• [GIVEN INFORMATION]
Segment Open

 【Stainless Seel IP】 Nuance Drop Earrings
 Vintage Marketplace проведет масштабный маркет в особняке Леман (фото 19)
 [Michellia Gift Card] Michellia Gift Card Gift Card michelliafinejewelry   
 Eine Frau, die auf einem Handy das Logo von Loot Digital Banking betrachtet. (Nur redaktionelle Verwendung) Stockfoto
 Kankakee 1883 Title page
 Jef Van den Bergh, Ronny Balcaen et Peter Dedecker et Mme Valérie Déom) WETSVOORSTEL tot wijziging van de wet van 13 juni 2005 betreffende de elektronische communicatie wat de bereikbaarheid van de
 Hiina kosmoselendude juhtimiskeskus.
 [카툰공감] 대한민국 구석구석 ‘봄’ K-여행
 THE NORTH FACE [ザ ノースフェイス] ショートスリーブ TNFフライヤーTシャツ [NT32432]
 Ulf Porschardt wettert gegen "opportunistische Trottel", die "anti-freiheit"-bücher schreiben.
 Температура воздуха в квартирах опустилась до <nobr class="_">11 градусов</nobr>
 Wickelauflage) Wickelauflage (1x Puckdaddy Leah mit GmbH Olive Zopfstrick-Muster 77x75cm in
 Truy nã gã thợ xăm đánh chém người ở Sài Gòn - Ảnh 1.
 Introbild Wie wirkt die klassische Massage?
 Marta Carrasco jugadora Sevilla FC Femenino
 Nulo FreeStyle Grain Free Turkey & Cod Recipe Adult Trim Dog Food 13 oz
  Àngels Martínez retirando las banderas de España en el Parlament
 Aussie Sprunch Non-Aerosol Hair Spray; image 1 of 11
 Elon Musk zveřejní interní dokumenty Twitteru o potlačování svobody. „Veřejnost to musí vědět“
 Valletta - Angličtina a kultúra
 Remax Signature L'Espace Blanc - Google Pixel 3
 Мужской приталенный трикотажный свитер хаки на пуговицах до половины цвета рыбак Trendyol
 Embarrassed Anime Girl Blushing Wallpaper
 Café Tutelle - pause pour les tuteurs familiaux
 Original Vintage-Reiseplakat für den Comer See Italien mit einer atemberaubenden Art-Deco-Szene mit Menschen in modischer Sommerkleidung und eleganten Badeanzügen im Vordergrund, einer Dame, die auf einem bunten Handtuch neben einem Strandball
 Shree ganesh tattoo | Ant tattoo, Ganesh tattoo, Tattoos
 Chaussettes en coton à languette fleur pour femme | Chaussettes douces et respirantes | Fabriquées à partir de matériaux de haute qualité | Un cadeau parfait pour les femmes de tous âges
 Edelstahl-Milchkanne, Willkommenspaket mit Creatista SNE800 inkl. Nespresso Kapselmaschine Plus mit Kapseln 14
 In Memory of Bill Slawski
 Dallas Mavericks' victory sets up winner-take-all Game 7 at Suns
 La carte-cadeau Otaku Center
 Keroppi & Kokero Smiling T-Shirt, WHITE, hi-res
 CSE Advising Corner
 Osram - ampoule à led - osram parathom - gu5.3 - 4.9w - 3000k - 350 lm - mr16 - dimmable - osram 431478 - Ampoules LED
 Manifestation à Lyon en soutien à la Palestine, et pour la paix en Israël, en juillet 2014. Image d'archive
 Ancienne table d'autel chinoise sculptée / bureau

Segment Closed

• [WHAT TO PRODUCE] Please filter the entries above down to the lines holding "cadeau" and copy them.

• [TASK SOLUTION]
 Chaussettes en coton à languette fleur pour femme | Chaussettes douces et respirantes | Fabriquées à partir de matériaux de haute qualité | Un cadeau parfait pour les femmes de tous âges
 La carte-cadeau Otaku Center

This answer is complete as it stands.